Ohio State law Professor Christopher Walker was “somewhat surprised” by the decision, he told us. “Because this is a case about the agency’s ability to determine its own authority or jurisdiction, I thought the Court could have gone in the direction of no deference,” he said by email. He analogized it to authority questions in arbitration, where courts -- not arbitrators -- generally have the authority to determine whether the parties agreed to arbitrate. “The Court’s decision should make it easier for agencies to win the deference lottery,” Walker said. “Justice Scalia’s opinion for the Court clears out some of the underbrush caused by the Court’s previous decision in Mead about when Chevron deference applies.” Walker said Scalia provided a bright-line rule when he wrote that “the preconditions to deference under Chevron are satisfied because Congress has unambiguously vested the FCC with general authority to administer the Communications Act through rulemaking and adjudication, and the agency interpretation at issue was promulgated in the exercise of that authority.”
"By upholding the shot clock, the Supreme Court properly recognizes that the FCC was well within its authority to clarify a reasonable period of time for local consideration of wireless facility siting applications,” said PCIA President Jonathan Adelstein in a statement. “It’s an example of forward-thinking agency action to enable wireless infrastructure, the backbone of wireless networks, to expand access to innovative services and devices.”
The Competitive Carriers Association “applauds” the decision, which affirms the commission’s interpretation of the phrase “reasonable period of time,” said CCA President Steven Berry.

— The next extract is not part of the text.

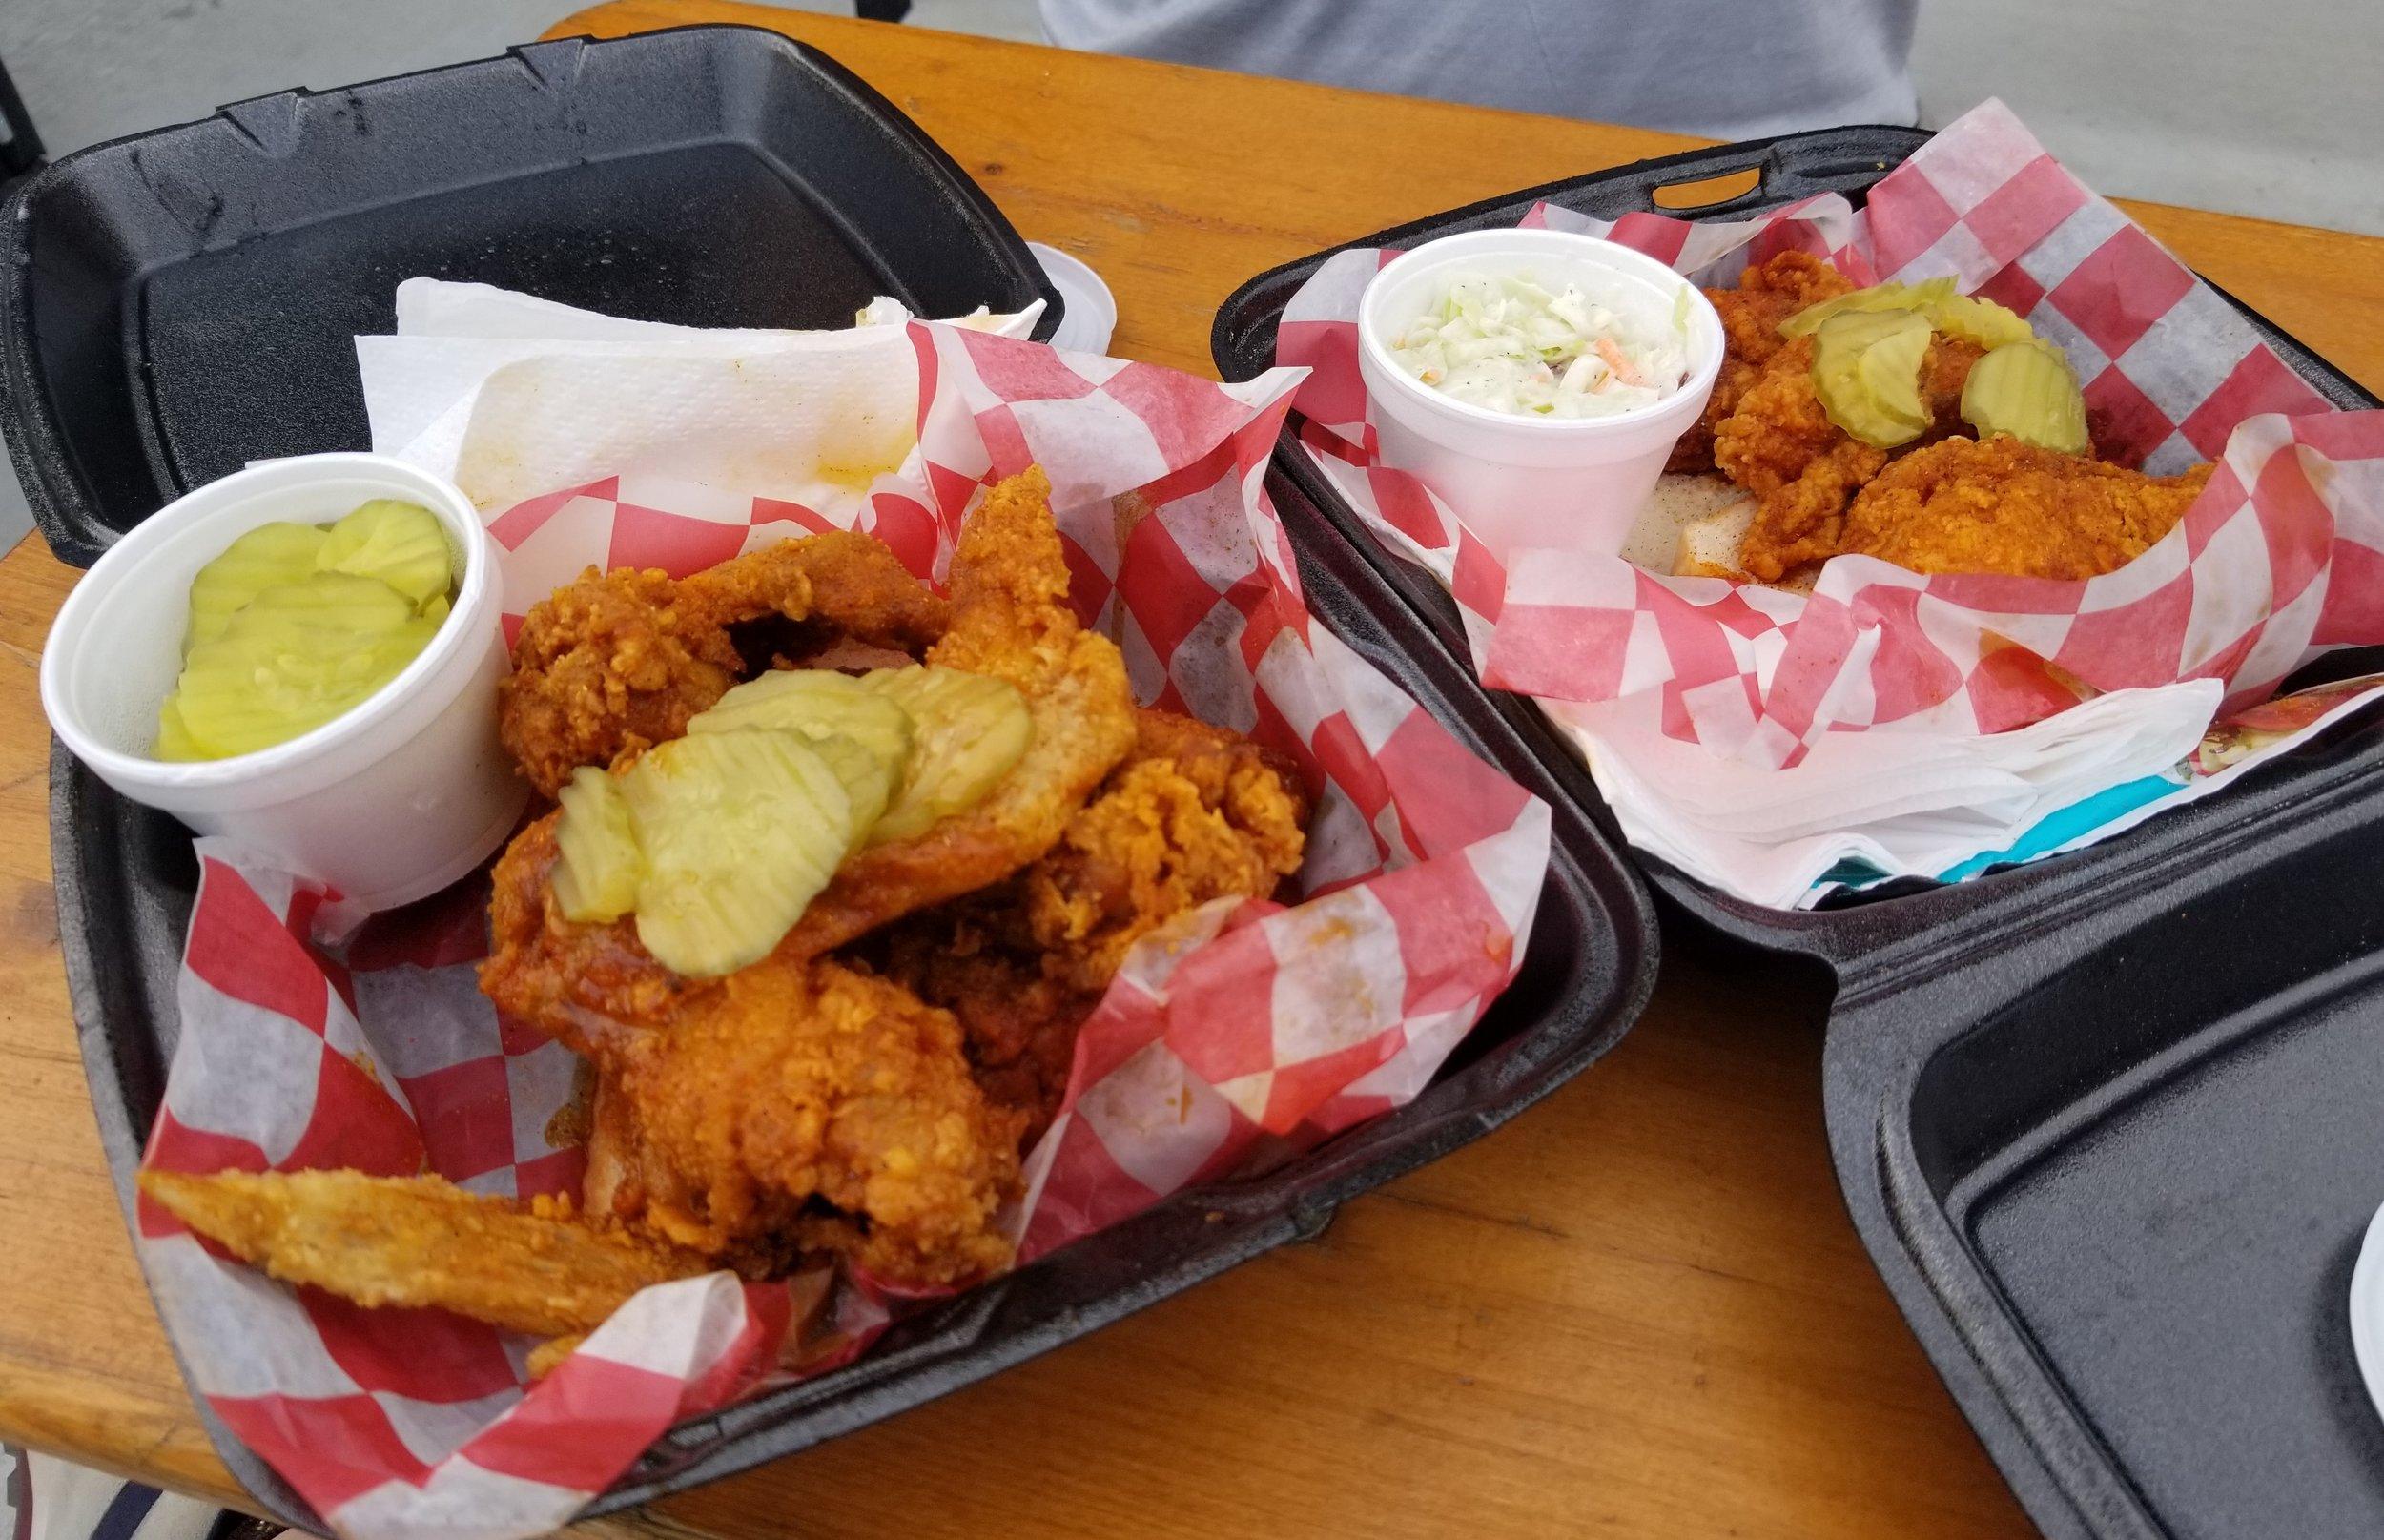 Nashville Hot Chicken from Prince's Hot Chicken. Yum!

CCA and T-Mobile in December filed a joint amicus brief in support of the FCC. “Consumers should not have to bear the burden of delays in network expansion because their carriers’ applications are tied up in administrative processes,” said Berry in a statement. “The Court made the right decision today, and I am hopeful state and local authorities will move these applications more quickly in the future for the benefit of the industry and consumers.” T-Mobile said it was “pleased” by the decision.
Free Press is glad to see the Supreme Court affirming the FCC’s discretion to interpret the statute properly,” said Policy Director Matt Wood, not commenting on the merits of the agency’s tower-siting shot clock. “Of course, that doesn’t mean that the FCC always gets it right.” Wood expects the decision will help the agency in its court battles over net neutrality and other issues.